Не прошло, однако, и двух недель, как я заметила: мамины глаза, останавливаясь на Ниночке, теплеют, и улыбка становится живой, не деревянной. Ничего удивительного. Наша дочка, которой шел третий год, была этаким ангелочком с картин старых мастеров: пухленькая, розовощекая, с красным бантом (в отличие от ангелов) в пышных белокурых кудрях. Сергей шутил, что бушевавшей в ней энергии, если подключить к сети, хватило бы на освещение нашего дома. Не знаю, помогали ли маме таблетки-антидепрессанты, но Ниночка определенно помогла ей выкарабкаться из депрессии.
Я была рада возвращению в Баку. Осень стояла роскошная, с обилием солнца, винограда, разнообразной зелени на базаре – как же я по всему этому соскучилась! Я радовалась, когда со двора доносились выкрики старьевщиков («Стары ве-ещь пакпаим!»), продавцов свежей рыбы и мацони. С умилением смотрела на тщедушного старичка в облезлой бараньей папахе, покупая у него банку мацони, – ведь он еще до войны приходил в наш двор со своим белоснежным товаром. Идя по Кoрганова с Ниночкой на бульвар, пересекая шумную Торговую, проходя мимо Молоканского сада, с удовольствием вслушивалась в певучую бакинскую речь.
А бульвар! Право, это лучшее место в мире! Под облетевшими акациями мы садились на зеленую скамейку, и морская прохлада обнимала нас. Пахло, как в детстве, гниющими водорослями и мазутом. Коричневые мазутные поля плавали на синей воде Бакинской бухты, колыхались у свай купальни. Да, купальня, без которой невозможно себе представить наше бакинское детство – белые изящные павильоны посреди бухты, – еще не была снесена. Слева и справа от меня сидели бабушки с детьми. Дети прыгали, толкая камень, по расчерченным клеткам «классов», ссорились, мирились, смеялись…
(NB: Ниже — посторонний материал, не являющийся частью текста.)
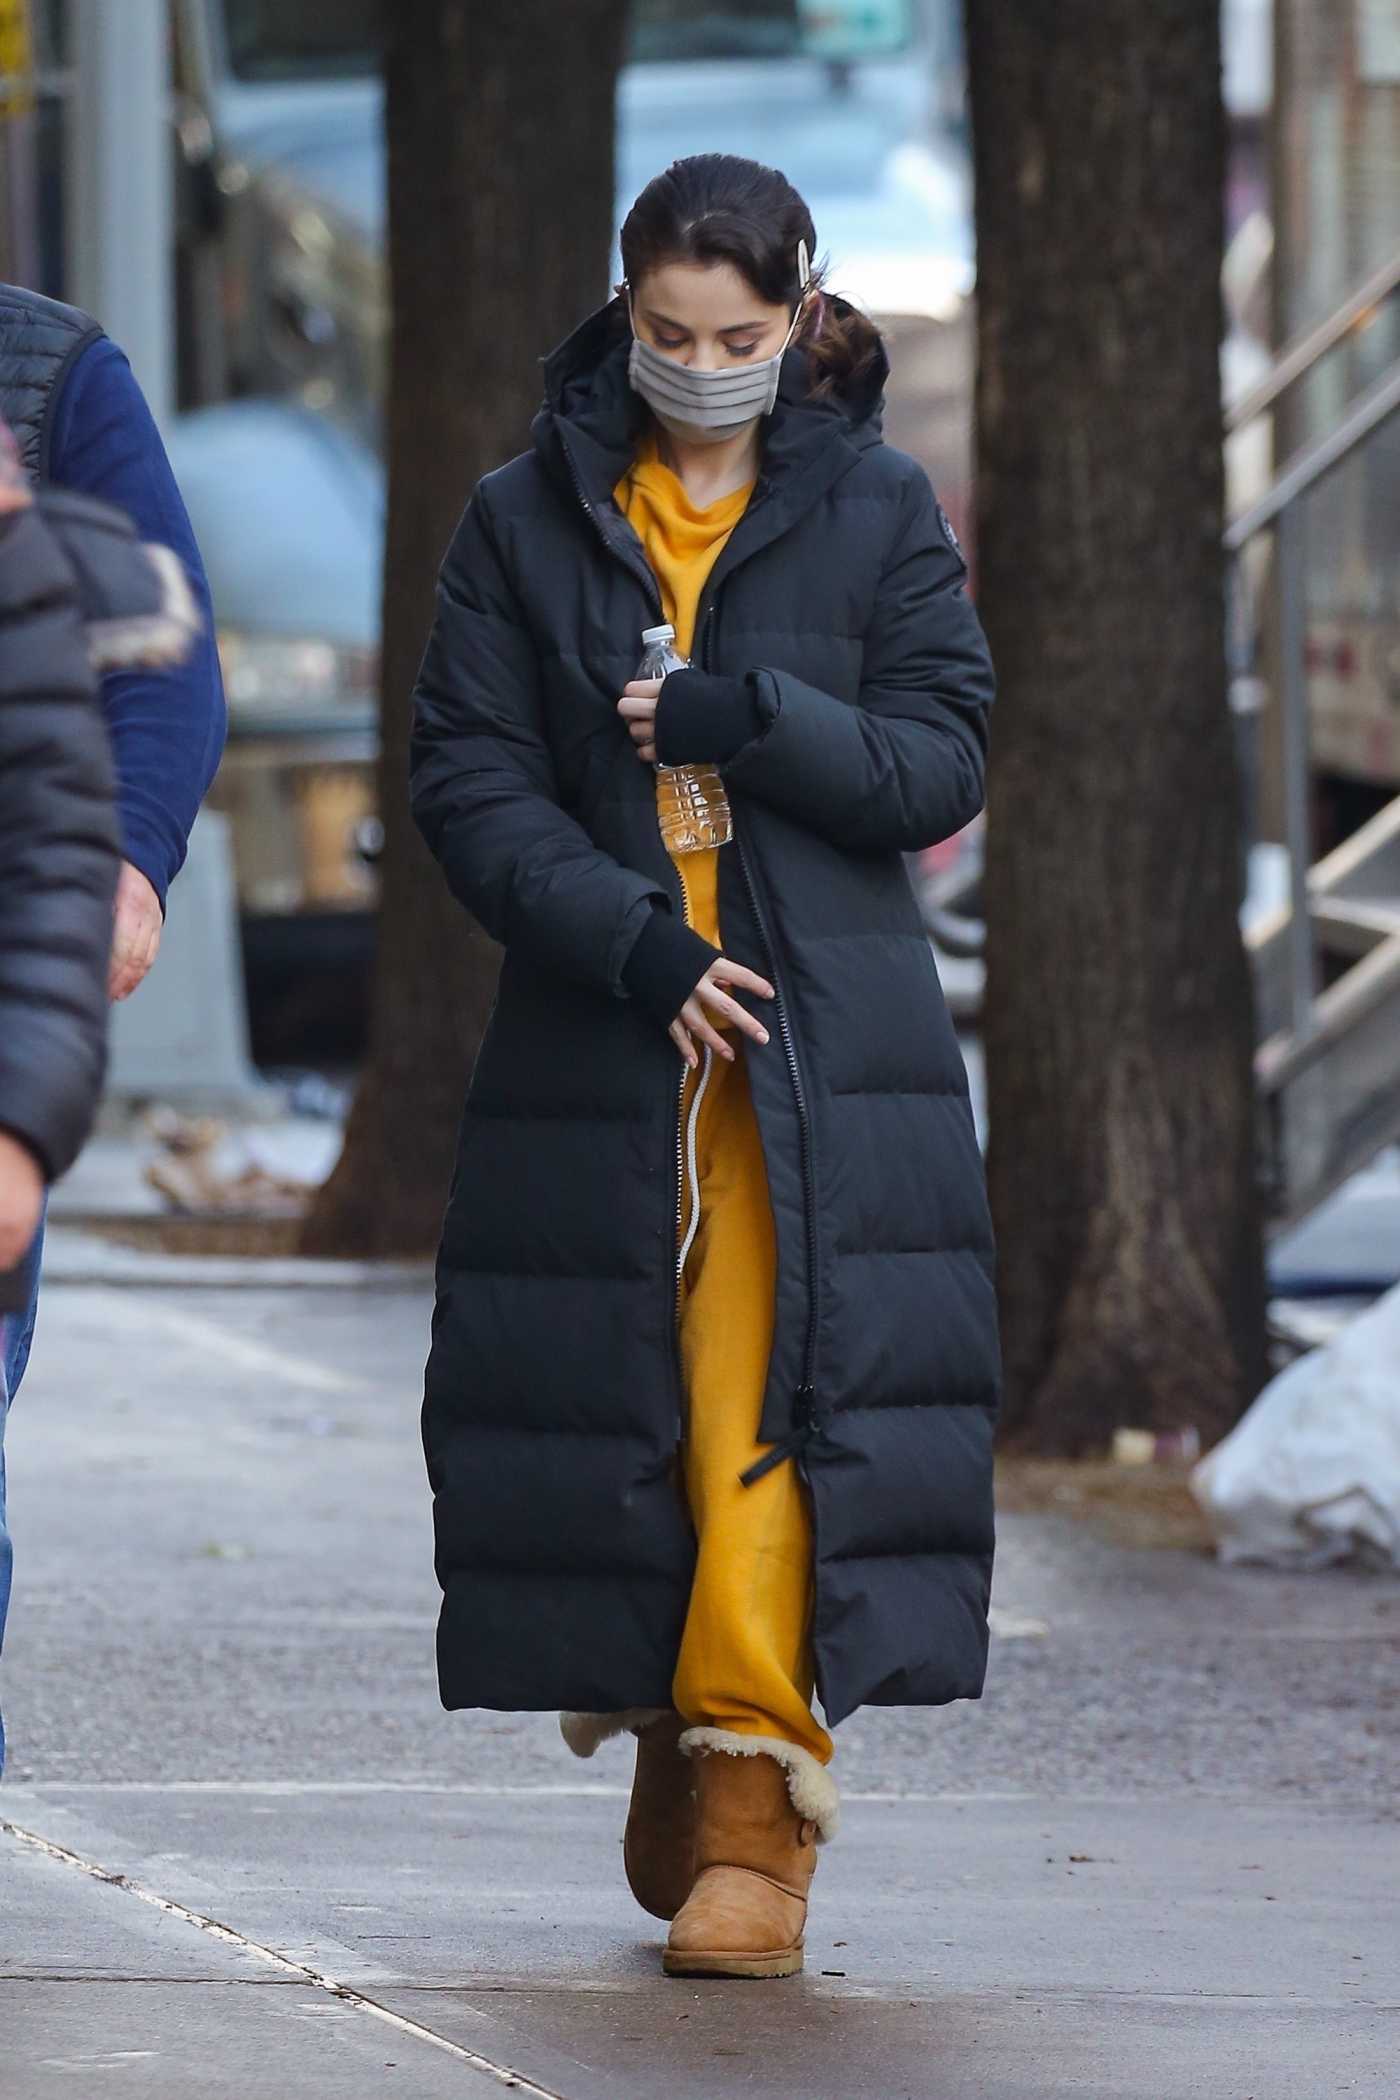 Selena Gomez in a Black Puffer Coat Was Spotted on the Set of Only Murders in the Building in New York 01/20/2021

По воскресеньям сюда приходила Эльмира со своей Лалой, которая была на год старше Ниночки, и наши дочери начинали возиться с тряпичными куклами и тараторить без умолку. Мы с Эльмирой, впрочем, тоже не умолкали. Никак не могли наговориться.
– Ну, как ты ходишь? – спрашивала я.
Эльмира была снова беременна, на четвертом месяце.
– Ничего хожу. – На ее круглом красивом лице, обрамленном черными косами, появлялась хитрющая улыбка. – Отец каждый день повторяет: роди мне внука-а… Мама ему сына не родила, так он теперь от меня требует – дава-ай внука!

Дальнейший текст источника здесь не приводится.